Quiz Is K-means Classification or Regression? Generative or Discriminative? Parametric or Nonparametric?
Answer Is K-means Classification or Regression? - classification: output is a discrete value (cluster label) for each point Generative or Discriminative? - discriminative: it has fixed input variables and output variables. Parametric or Nonparametric? - parametric: the number of cluster centers (K) does not change with the number of training data points
Quiz Is K-means Supervised or Unsupervised? Online or batch? Closed-form or iterative?
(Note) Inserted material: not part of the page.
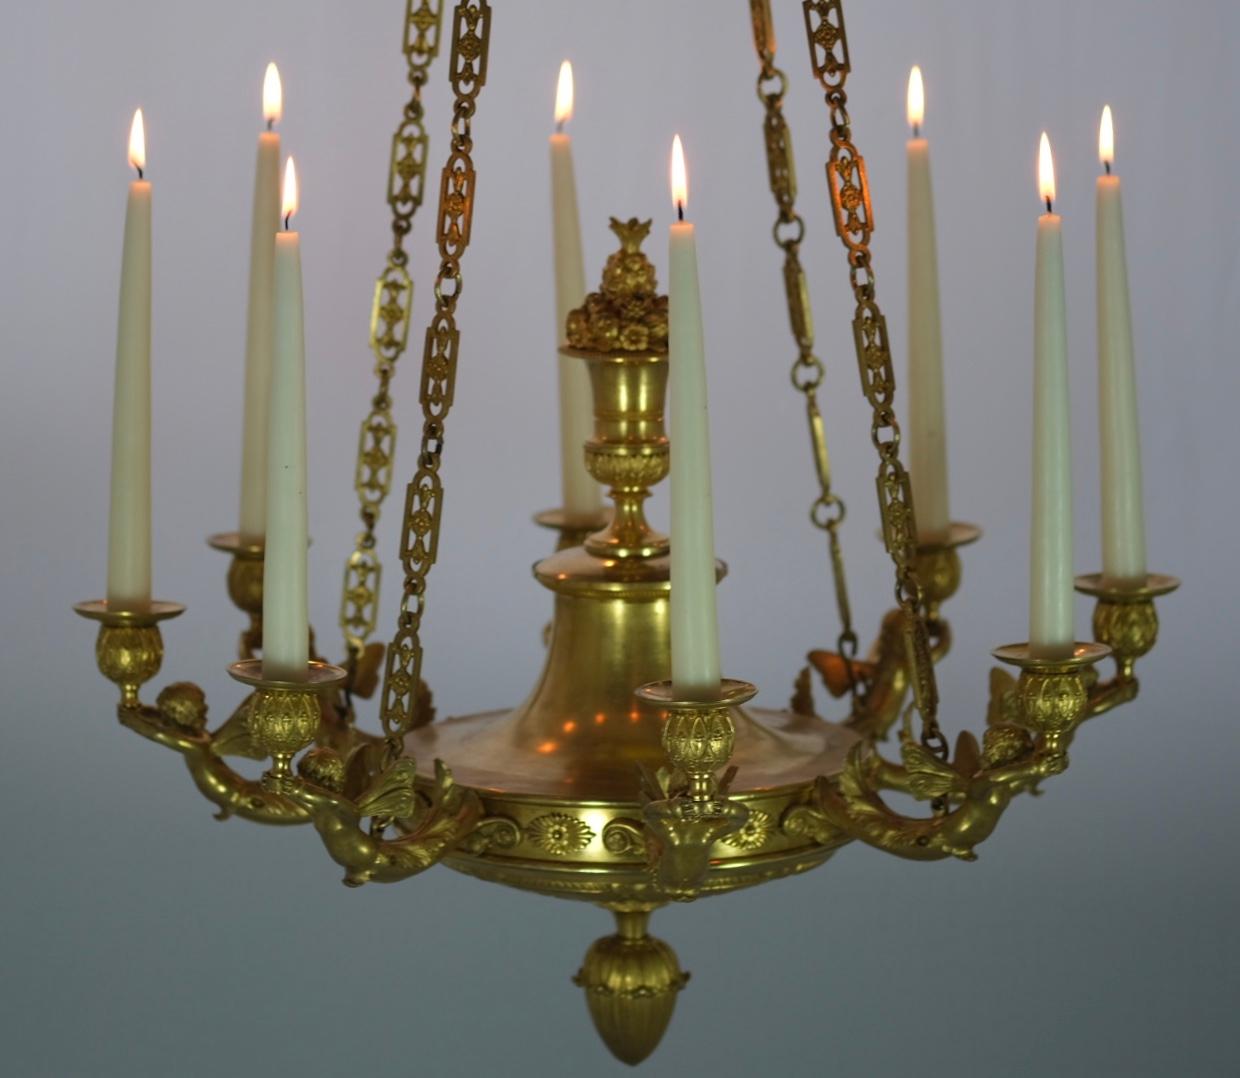 Kronleuchter aus vergoldeter Bronze mit acht Kerzenhaltern. Tolles Design mit geflügelten Putten, die die Urnen halten, in denen wiederum die Kerzen stehen. Gute Qualität und guter Zustand.

Answer Is K-means Supervised or Unsupervised? - Unsupervised Online or batch? - batch: if you add a new data point, you need to revisit all the training data to recompute the locally-optimal model Closed-form or iterative? -iterative: training requires many passes through the data
Quiz Which of the following problems might be solved using K-Means? Check all that apply. For those that work, explain what the inputs and outputs (X and Y variables) would be. • Segmenting an image • Finding galaxies (dense groups of stars) in a telescope’s image of the night sky • Identify different species of bacteria from DNA samples of bacteria in seawater
Answer Which of the following problems might be solved using K-Means? Check all that apply. For those that work, explain what the inputs and outputs (X and Y variables) would be. • Segmenting an image: Yes. Inputs are the pixel intensities, outputs are segment labels. • Finding galaxies (dense groups of stars) in a telescope’s image of the night sky. Yes. Inputs are star locations, outputs are galaxy labels • Identify different species of bacteria from DNA samples of bacteria in seawater. Yes. Inputs are gene sequences, outputs are species labels.